How to prevent clickjacking issue in CF

Abdul L Koyappayil wrote: I created a cfm template with below contents to test clickjacking issue. <html> <head> <title>Clickjack test page</title> </head> <body> <p>Website is vulnerable to clickjacking!</p> <iframe src="https://abcd.rw.xyz.com/mer/nao/app_v4/" width="500" height="500"></iframe> </body> </html> And when I executed this template I was able to click on the "iframe" part. Which indicates that there is a clickjacking issue.Right??.

Right, potentially. However, the question only makes sense if https://abcd.rw.xyz.com/mer/nao/app_v4/ is in your site. For example, if you replace that URL with http://www.google.com, you will find that no content will be displayed. You can interpret this to mean that Google has taken some precautions against clickjacking. I will therefore assume that the site you wish to protect is your own.

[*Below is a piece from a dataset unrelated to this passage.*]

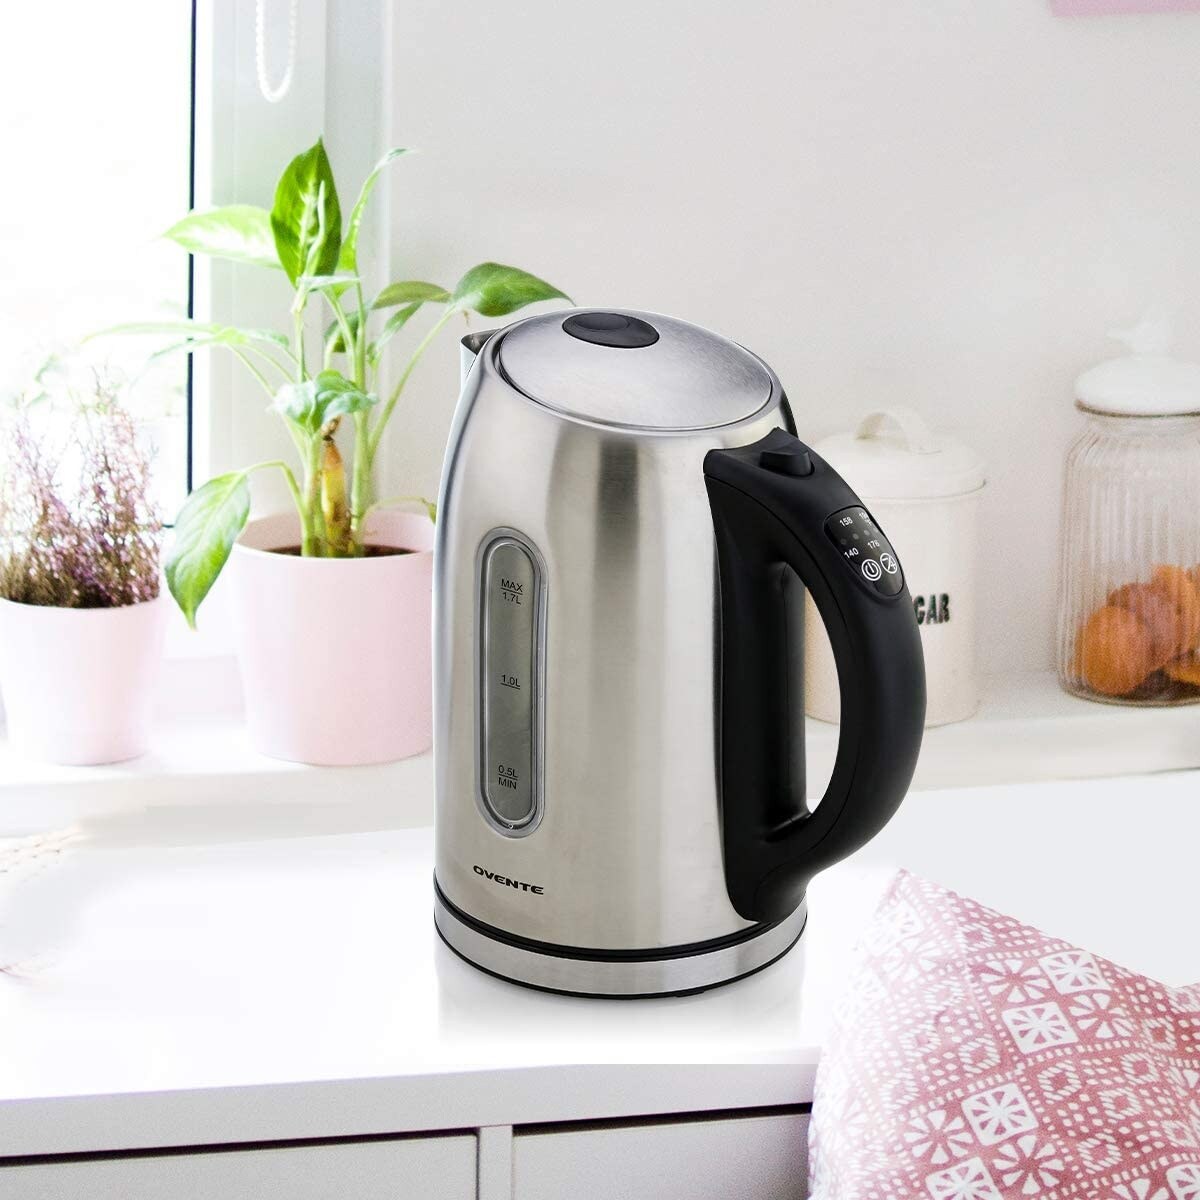 https://ak1.ostkcdn.com/images/products/is/images/direct/71ce0fe287c540ec4b32a7758ad90e6f8fa52c91/Ovente-Electric-Kettle-1.7L-with-5-Temperature-Settings%2C-Silver-KS88S.jpg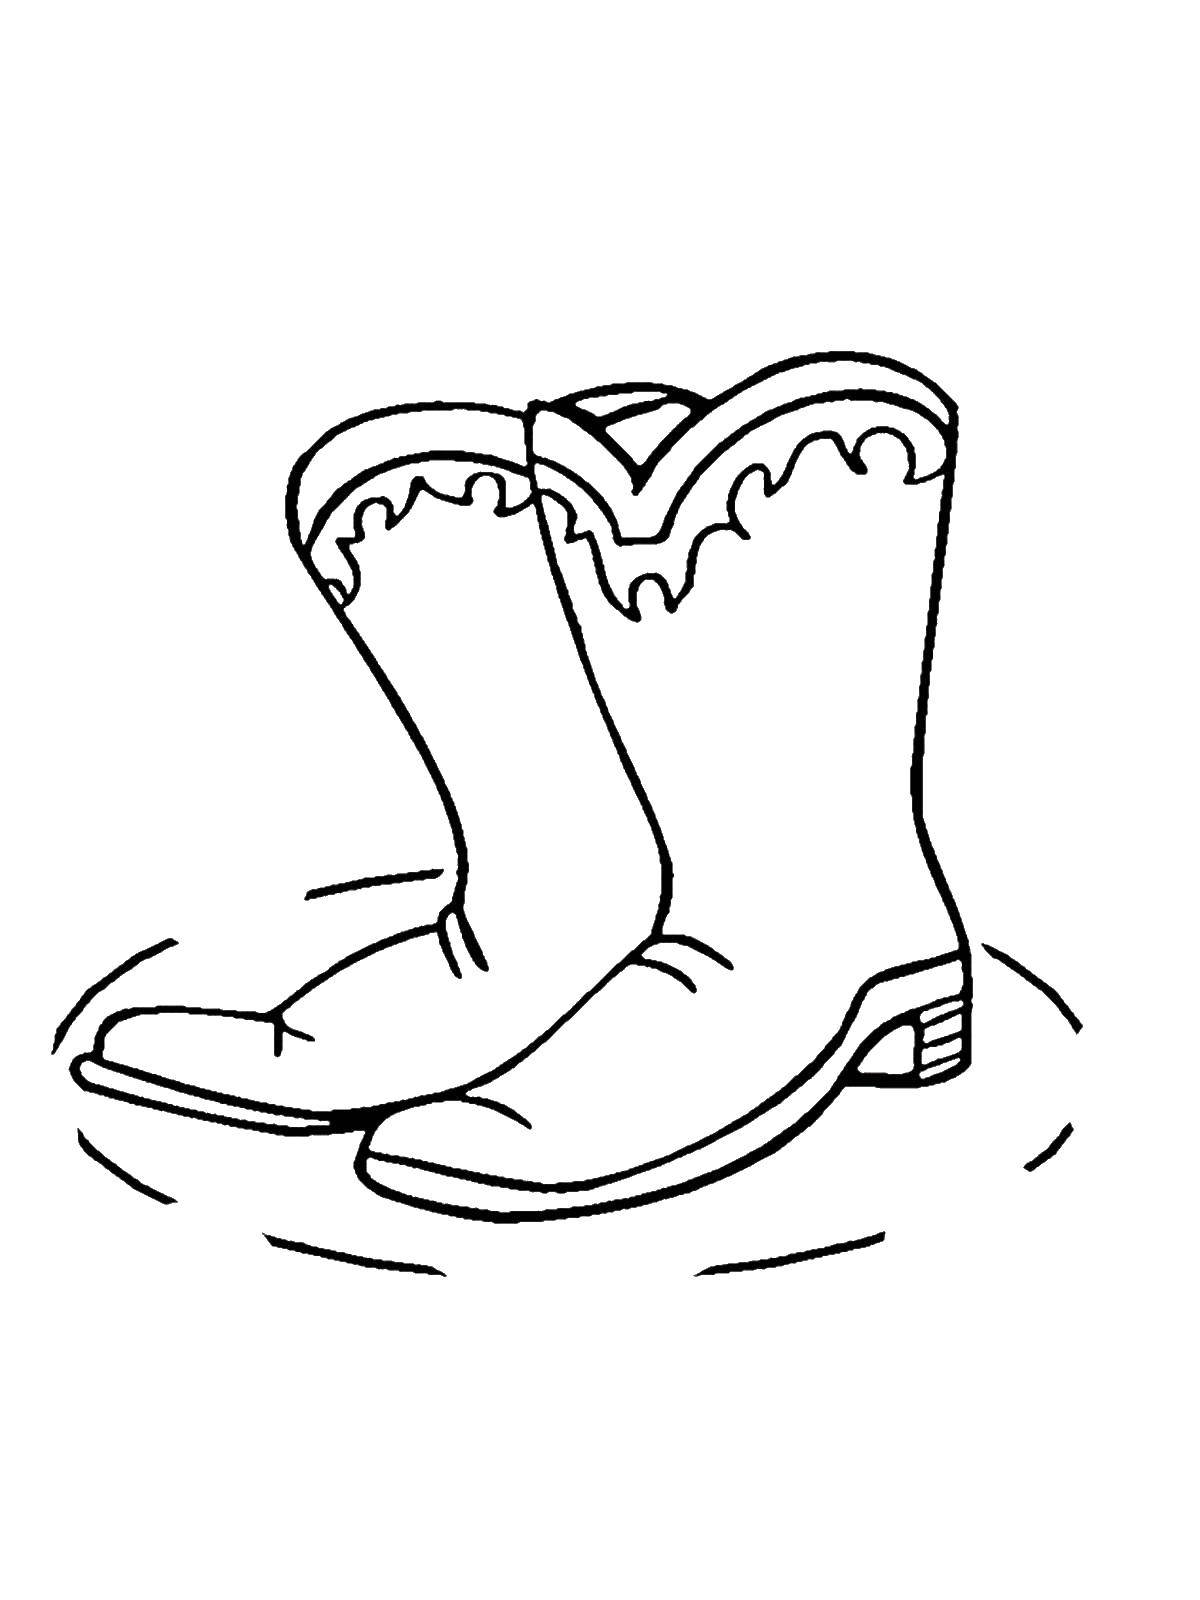 Coloring Boots. Category clothing. Tags:  Boots.

Clickjacking involves at least 3 parties: you (the Coldfusion site you wish to protect), the clickjacker (the foreign site that intends using the malicious frames) and the client (the initial target or victim, usually the browser). The attacker's aim is to manipulate the browser into an illegitimate interaction with your site. As the browser is where the vulnerability is, it is also where the defence has to be. That defence is in a form that all browsers understand: headers or Javascript.

Coldfusion has a new security setting especially to counteract clickjacking. It is configured in /WEB-INF/web.xml, and enables ColdFusion to send X-Frame-Options headers to the browser. As the documentation shows, you can enable it on the whole site, or on a per-mapping basis.  For example, the following filter will prevent the kind of clickjacking you mention, for every request to your site:

<filter-mapping>

<filter-name>CFClickJackFilterDeny</filter-name>

<url-pattern>/*</url-pattern>

</filter-mapping>

You could alternatively use Javascript on the pages you wish to protect. For examples, check out the Wikipedia on Framekillers.